Tech
| On
Jun 26, 2019

President Trump: ‘Perhaps We Will’ Sue Google Over Electoral Interference and Thought Control

By Shane Trejo

President Donald Trump is aware of James O’Keefe’s ground-breaking exposé of Google’s electoral interference operation heading into 2020, and says he is considering a lawsuit against the tech giant for striking against U.S. democracy under the cover of darkness.

“We should be suing Google and Facebook and all that, which perhaps we will,” Trump said while giving an interview over the phone to the Fox Business Network.

Google continues to deny the obvious, believing that they are above the law, and attempting to continue onward with their electoral manipulation schemes unabated.

“We build our products with extraordinary care and safeguards to be a trustworthy source of information for everyone, without any regard for political viewpoint. Our rating guidelines are publicly visible for all to see,” a Google spokesperson wrote in an email in response to Trump.

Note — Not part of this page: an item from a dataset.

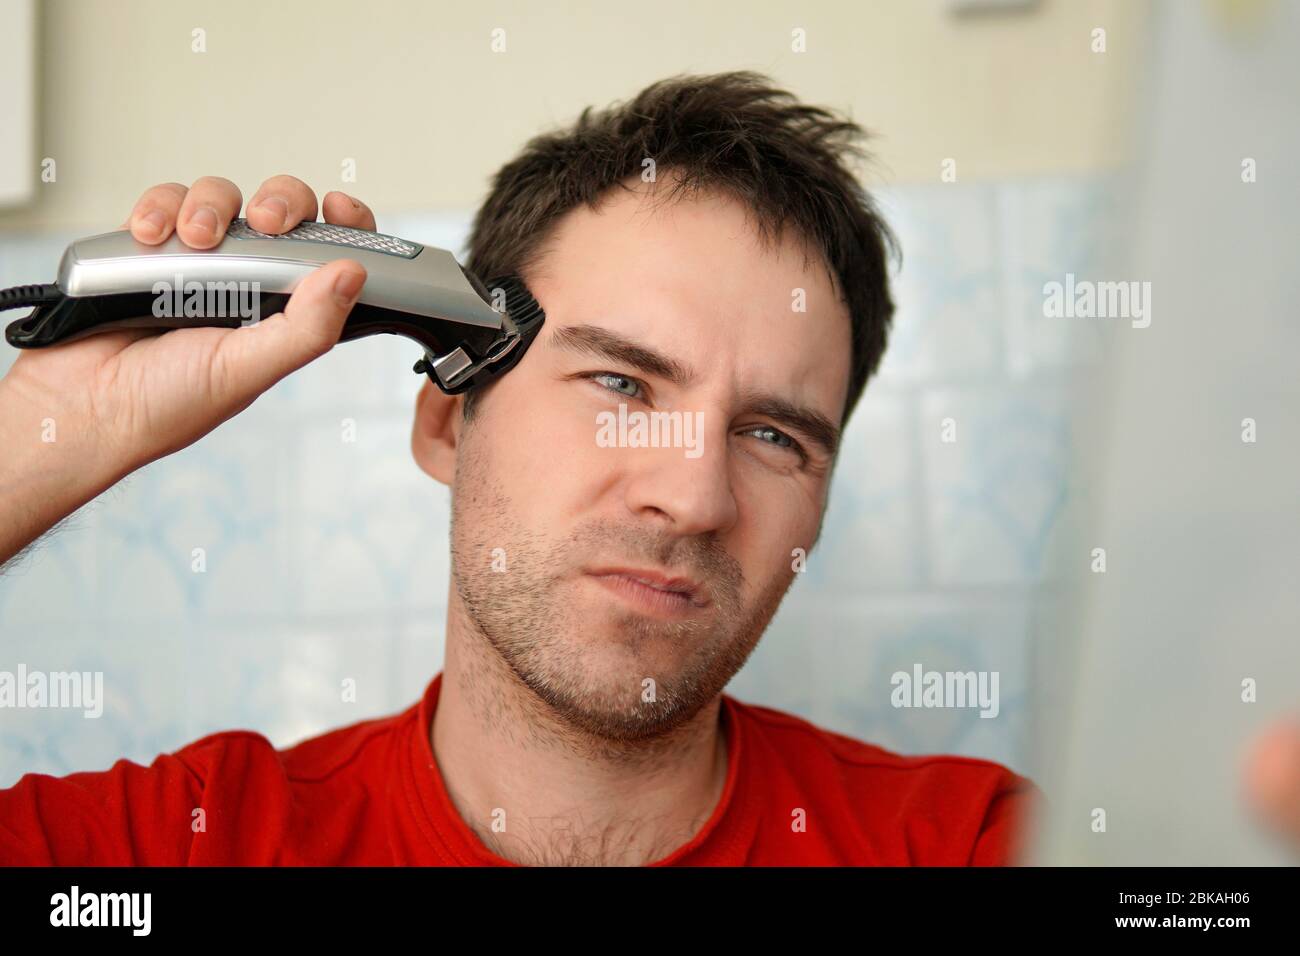 Un homme coupe ses cheveux sur la tête avec un rasoir électrique.  Nettoyez-vous seul. Vous souffrez de la tonte des cheveux Photo Stock -  Alamy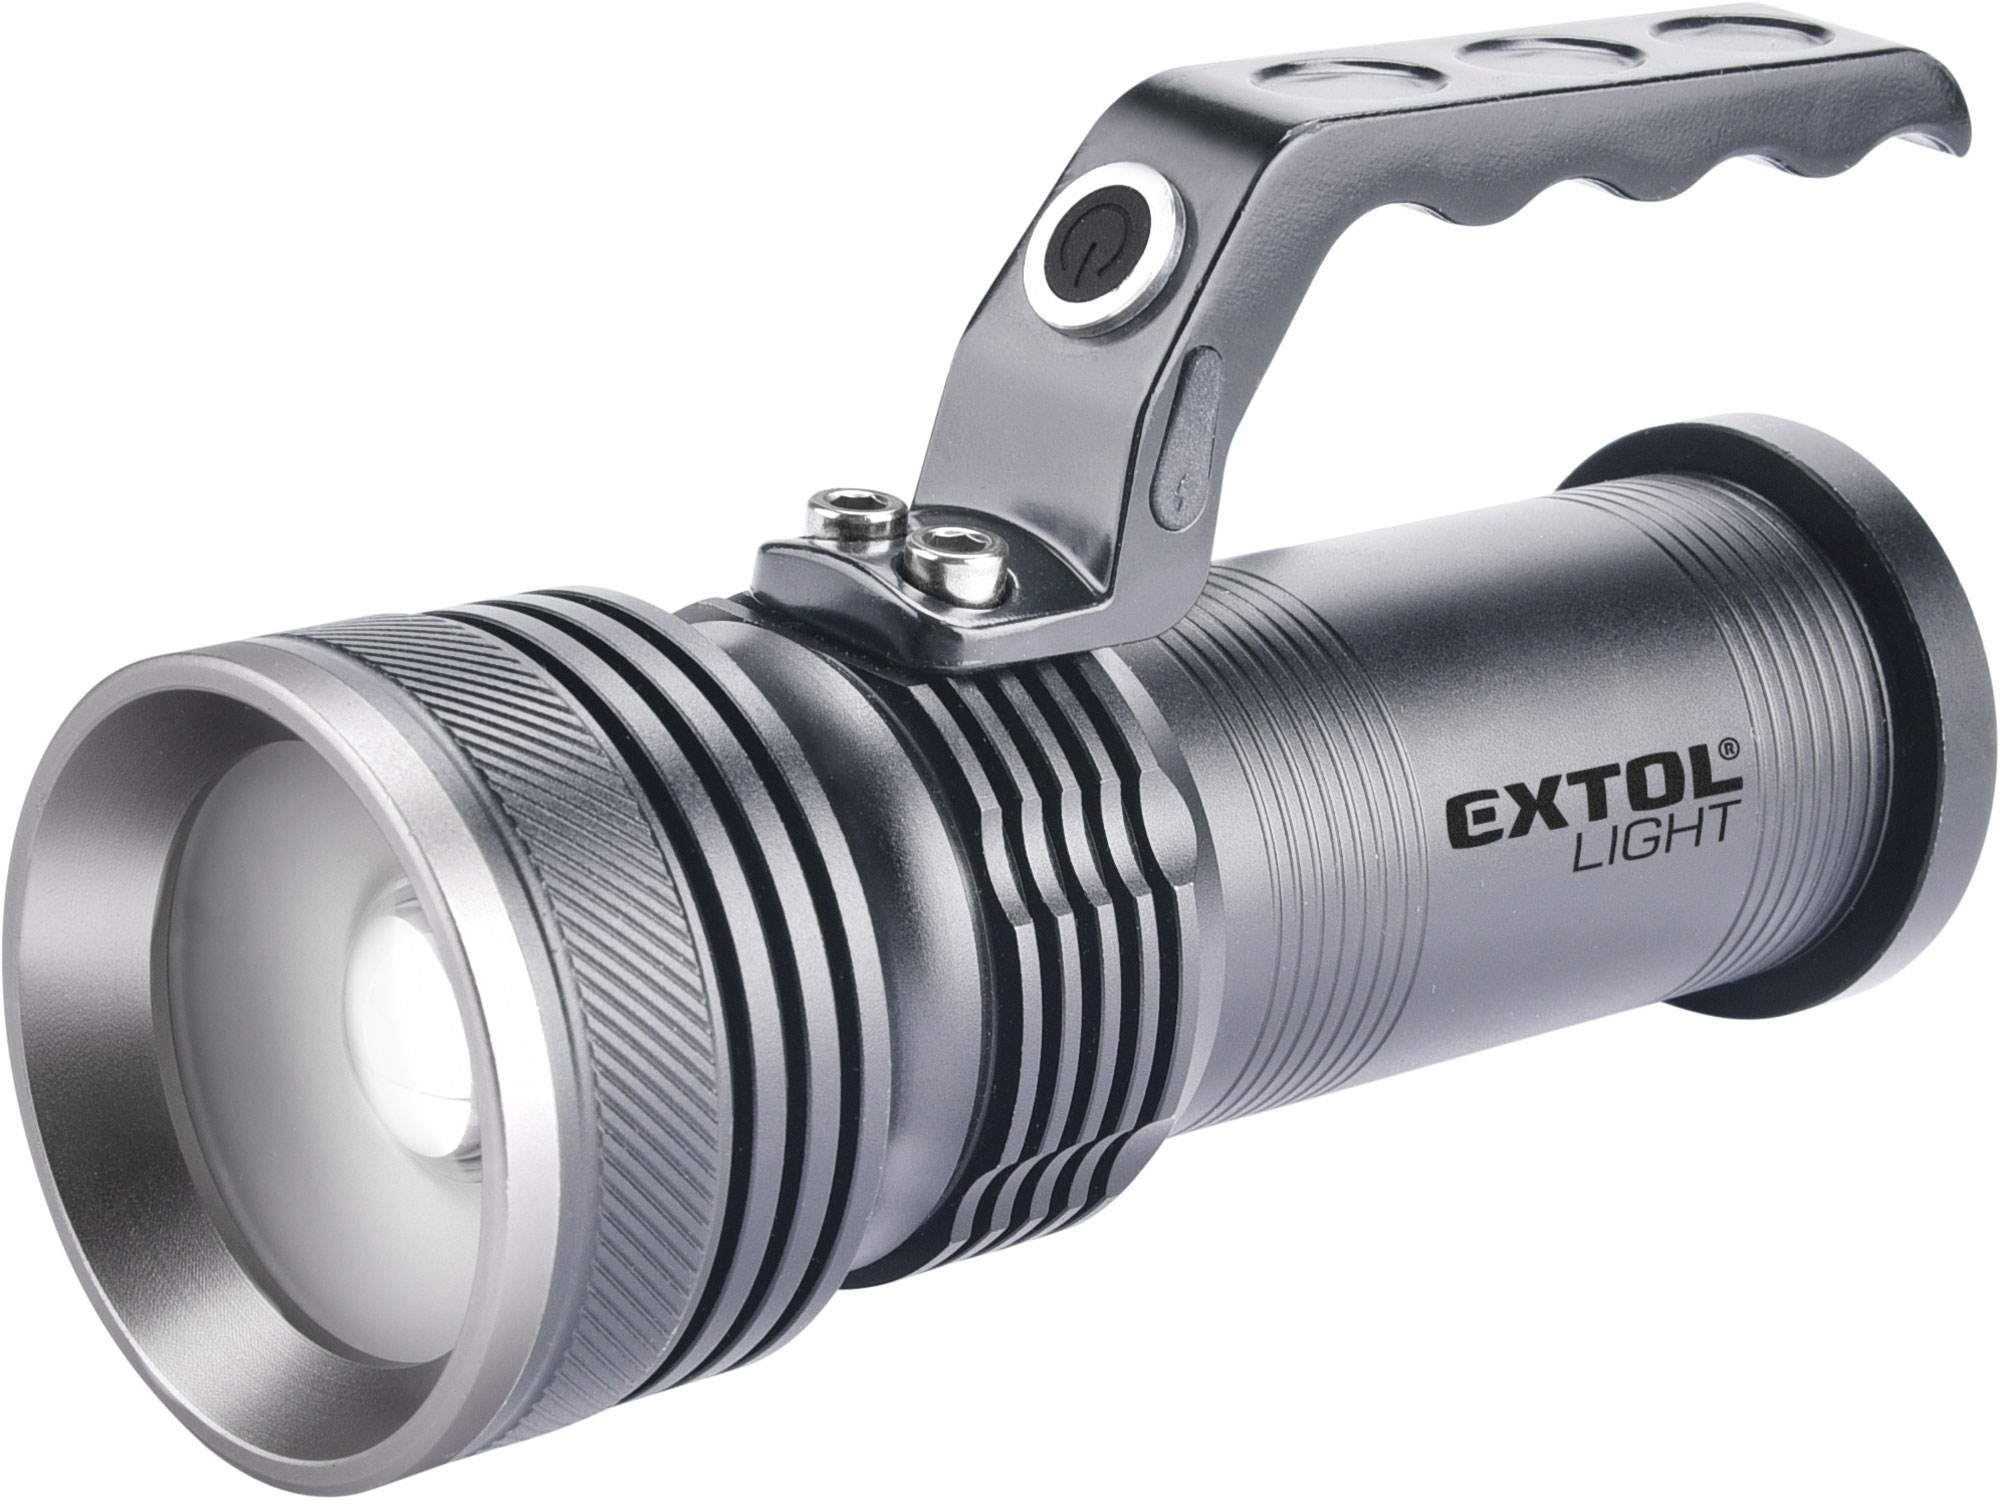 svítilna 300lm, zoom, celokovová, 5W LED, EXTOL LIGHT 43150 

Trump also criticized Twitter for “making it very hard” to “get out my message” heading into 2020.

“Twitter is just terrible, what they do,” he added.

“These people are all Democrats. It’s totally biased towards Democrats,” Trump said of the Big Tech monopolists.

Trump has had his eye on these developments as censorship has worsened for his supporters on the monopoly platforms:

Trump’s Department of Justice (DOJ) is looking at Google and other Big Tech firms as the potential target for anti-trust suits for their abusive business practices.

“The current landscape suggests there are only one or two significant players in important digital spaces, including internet search, social networks, mobile and desktop operating systems, and electronic book sales,” said Justice Department’s antitrust chief Makan Delrahim.

“By protecting competition, we can have an impact on privacy and data protection,” he said.

Jen Gennai, who works as Head of Responsible Innovation for Google, was caught on video by Project Veritas talking about how breaking up Google, as proposed by Sen. Elizabeth Warren (D-MA), was a bad idea because their monolithic corporation would work to ensure a situation like President Trump never happened again.

“We all got screwed over in 2016, again it wasn’t just us, it was, the people got screwed over, the news media got screwed over, like, everybody got screwed over so we’re rapidly been like, what happened there and how do we prevent it from happening again,” Gennai said.

“We’re also training our algorithms, like, if 2016 happened again, would we have, would the outcome be different?” she added.

An antitrust suit against Google may be one way to cut them down to size. Another solution may be legislation from freshman U.S. Sen. Josh Hawley (R-MO) to remove Big Tech’s special immunity privileges under Section 230 of the Communications Decency Act unless they prove their algorithms are unbiased.